High School Kids Beat MIT at Robotics Competition
An anonymous writer submitted a story saying "A bunch of bright high school kids from Carl Hayden Highschool beat out MIT in a Marine Technology Center's Robotics competition.
Here are additional details of the competition."
I went to this very school for their computer program from 1986 to 1990. Must, say, I think this is awesome. At that time, the robotics work was only in "special projects" class, and consisted of a small robotic arm hooked up to an Amiga. They've certainly come a long way.
:P The teacher mentioned in the article Allen Cameron was most definately my favorite as well. Very cool guy. Congrats!

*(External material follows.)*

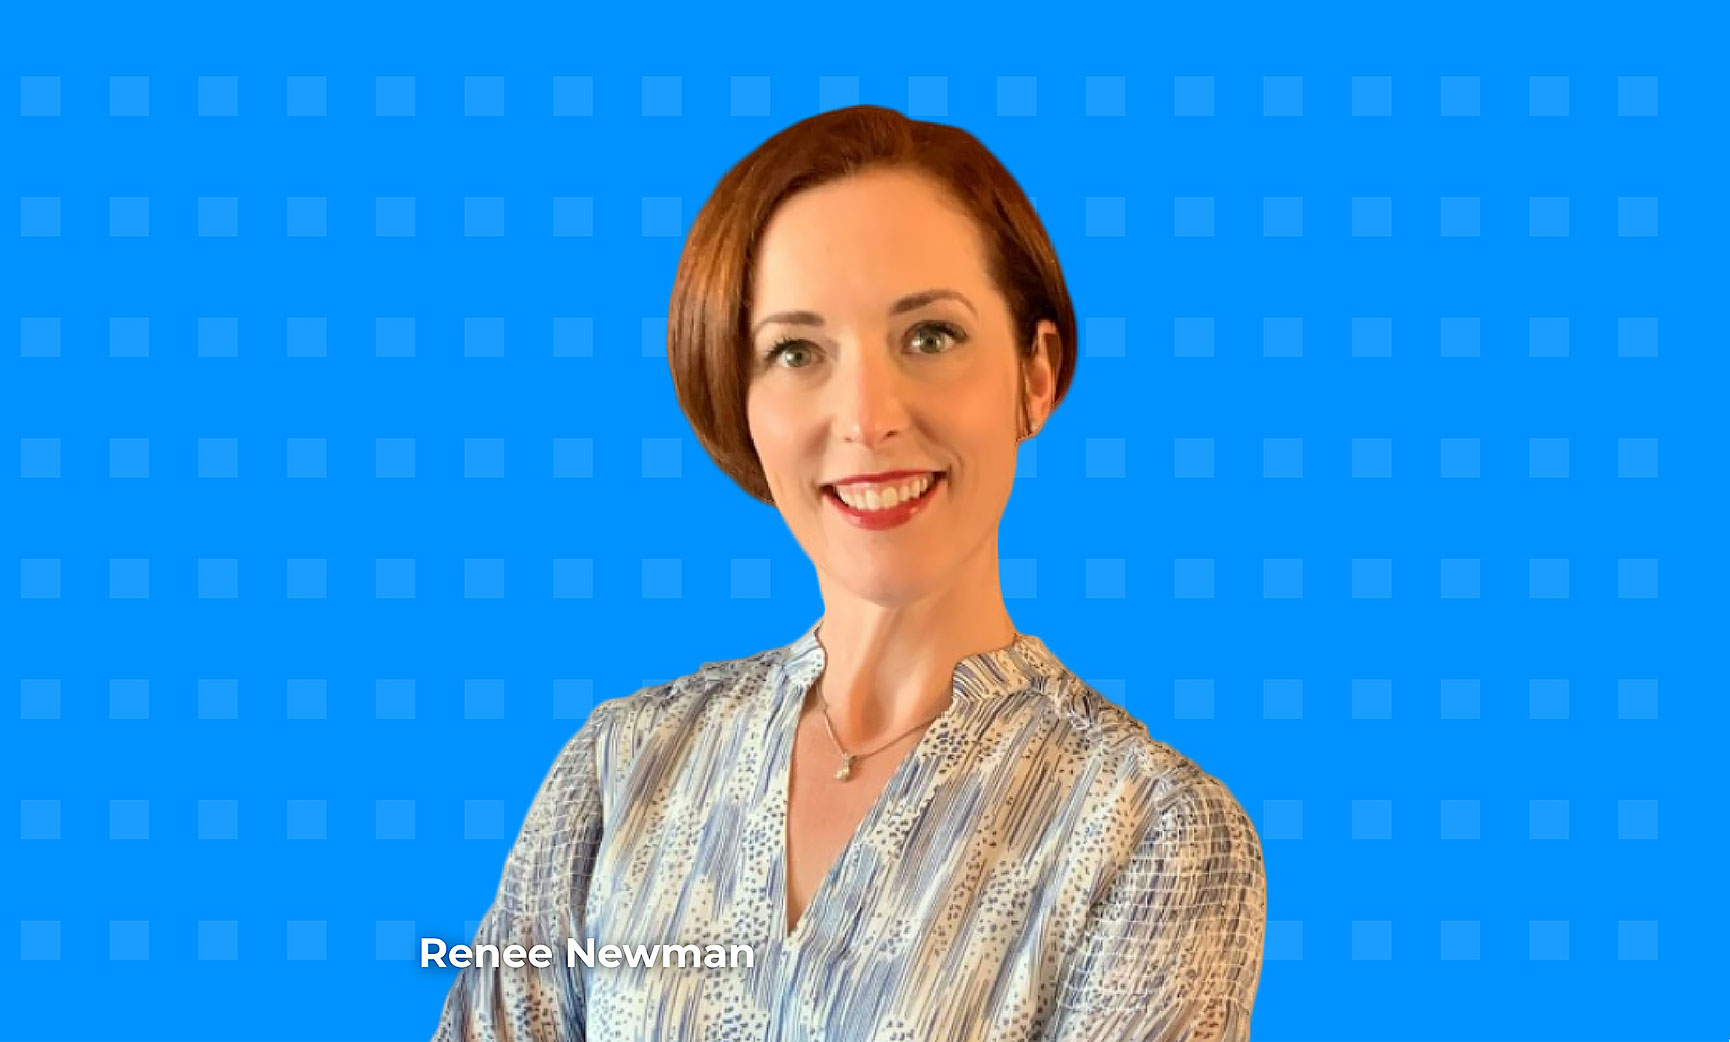 Renee Newman Joins Nymbus Industry Advisory Board

At the time, the school was part of a "Magnet Program," a program designed to desegregate the schools and attract more of us "white boys" to the school. We had labs of true IBMs and Compaq PCs, and had classes available for learning programming like BASIC, Pascal, and towards the end C. They had a "State of the art" 3com ethernet, that to see any changes on the server you had log out and back in again. They even had a VAX/VMS system. Quite advanced for a High School, probably even by todays standards.
They're responsible for keeping me from having to work some boring regular job. Now I get to listen to users all day!
There is another kind of evil which we must fear most, and that is the indifference of good men. -- Boondock Saints
RTFA
Thats teacher Allan Cameron, the other bearded guy is also a teacher Fredi Lajvardi.
I was going to go to this high school. It's a dump but there were far more [gang] fights/shootings at the school I ended up going to (North HS), which was literally across the street from the Phoenix Country Club.
Carl Hayden has a nice computer-oriented "magnet" program that attracts a lot of nerds, probably the same that won this competition.
Latewire
From the article (it is good, I suggest you read it) there are links to a scholarship fund for these 4 as well as comments in general on a proposed federal act. These families probably cannot even afford the 3% interest.
----
Oscar wipes the white gypsum dust from his face. It's a hot Tuesday afternoon in Phoenix, and he's hanging sheetrock. He graduated from Carl Hayden last spring, and this is the best work he can find. He enjoys walking into the half-built homes and analyzing the engineering. He thinks it'll keep him sharp until he can save up enough money to study engineering at Arizona State University. It will cost him approximately $50,000 as an out-of-state student. That's a lot of sheet-rocking.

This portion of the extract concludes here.